In past years, the first step for high school seniors after being accepted to Miami University was scheduling a visit to campus during a Make it Miami event. Hundreds of soon-to-be first-years made the trip to Oxford and spent a day meeting faculty, listening to student panels and getting sore feet as they walked from building to building before deciding whether or not to commit.
This year, the first step is visiting the new Make it Miami website. On the front page is a picture of the Tri Delt Sundial with MacCracken Hall in the background.
“Welcome to Miami University!” the website reads. “Get ready to Make it Miami!”
Though it isn’t impossible for accepted students to tour campus this spring, it isn’t easy, either.
Andrew Boehm, Miami’s associate director for visits and events, explained that COVID-19 has made large scale events such as Make It Miami impossible, but tours and information sessions are still a go.
“All of our accepted students' events that are on campus are booking up very quickly,” Boehm said. “There’s none left in the entire month of February, and March is going to get packed up as well. People are coming to campus to visit.”
The auditorium where information sessions are held is cleared for up to 38 people to use at once, but Boehm said Miami chose to limit the number of students to 10 per time slot to accommodate one guest per student and to keep numbers low.

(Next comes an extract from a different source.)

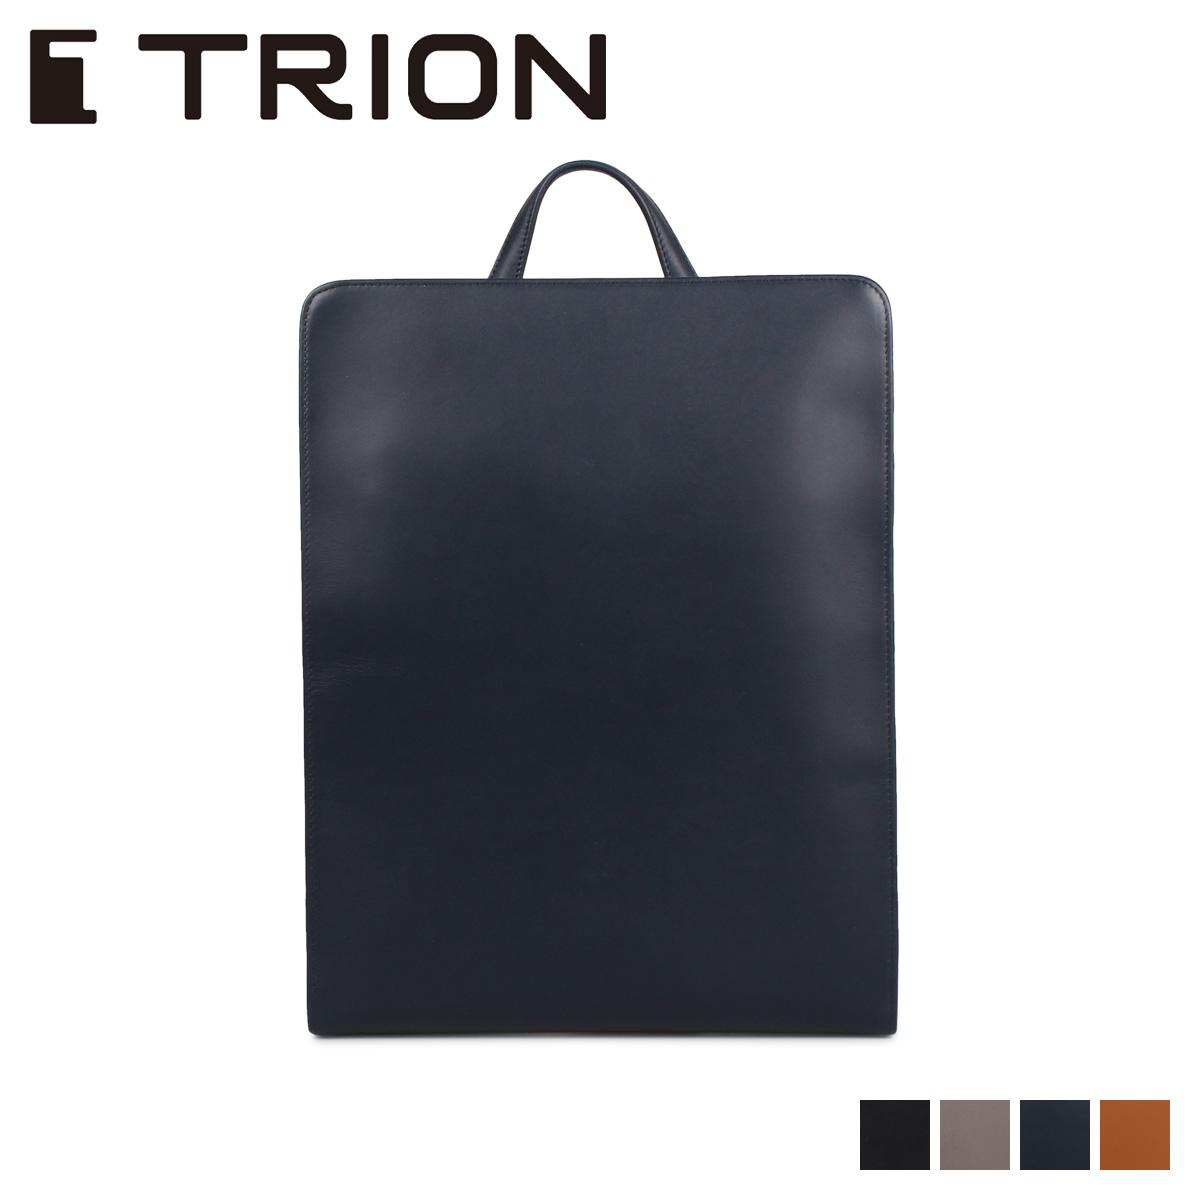 TRION トライオン リュック バッグ バックパック メンズ DOCUMENT ブラック ダーク グレー ネイビー ダーク ブラウン 黒 SA229

With the limited scope of in-person events available and the pandemic far worse than it was last spring when Miami first shut down, many accepted students may opt to stick with online events.
The Make It Miami website is designed to let students follow their own pace. Information is sorted into 10 categories, including one for each academic college. Each section has a calendar of live online events students can register for, from student panels to information sessions for specific majors.
Several live online events are dedicated to diversity, an issue Miami has historically struggled with. Miami’s undergraduate population across all campuses was 75% white as of last October, compared to a national average of 55.2% on college campuses.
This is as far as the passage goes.